Mortgage officer gets 5 years for role in $7M fraud scheme

The former employee of GMAC Mortgage and Countrywide Home Loans caused millions in losses to lenders.

A former loan officer at GMAC Mortgage and Countrywide Home Loans was sentenced this week to five years in prison for his role in a mortgage fraud scheme that caused $7 million in losses to lenders.

Andrew Constantinou, 58, of Unionville, Connecticut, was previously convicted in April and a jury found him guilty of conspiracy to commit mail, wire and bank fraud.

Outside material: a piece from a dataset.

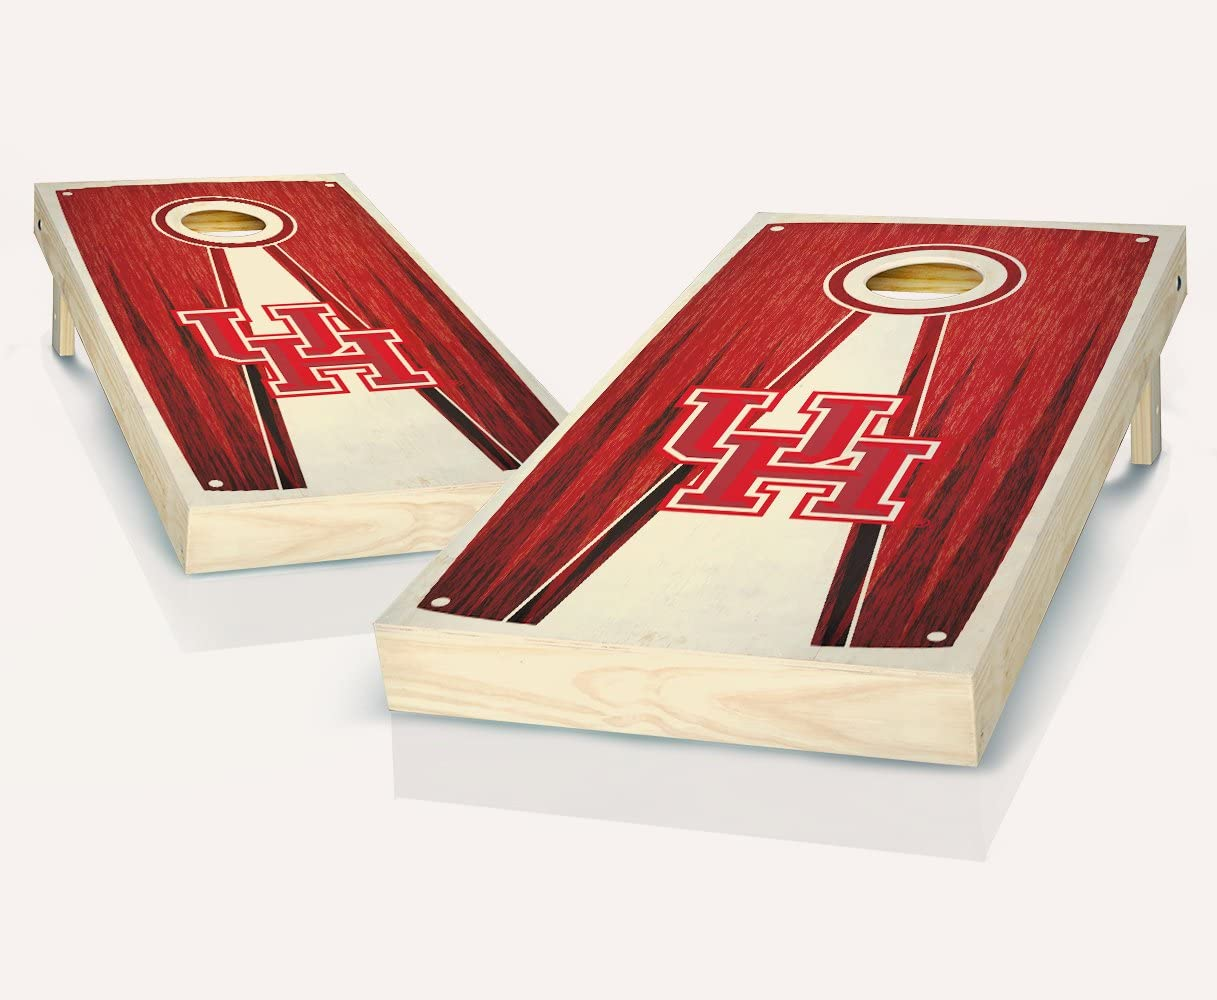 Wedding cornhole boards Baggo Slick Woodys Houston Basketball Cornhole set Bean bag toss Custom Cornhole boards

From 2006 to 2008, Constantinou and others conspired to defraud mortgage lenders of millions of dollars of mortgage proceeds by inflating the contract price that the sellers of the properties had actually agreed to accept, according to the FBI. The scheme involved more than 40 multifamily properties in New Haven area.

The lower sale price, which ranged from approximately $30,000 to $145,000 less than the contract price, was not disclosed to the lenders from which the buyers obtained financing to purchase the properties.

In most of the fraudulent transactions, the buyers did not make any deposits or down payments.

Constantinou and his conspirators used some of the fraudulently obtained mortgage proceeds to cover the down payments and deposits. At or shortly after a closing, the borrowers would often receive thousands to tens of thousands of dollars in cash back, although these payments were not disclosed to the lender.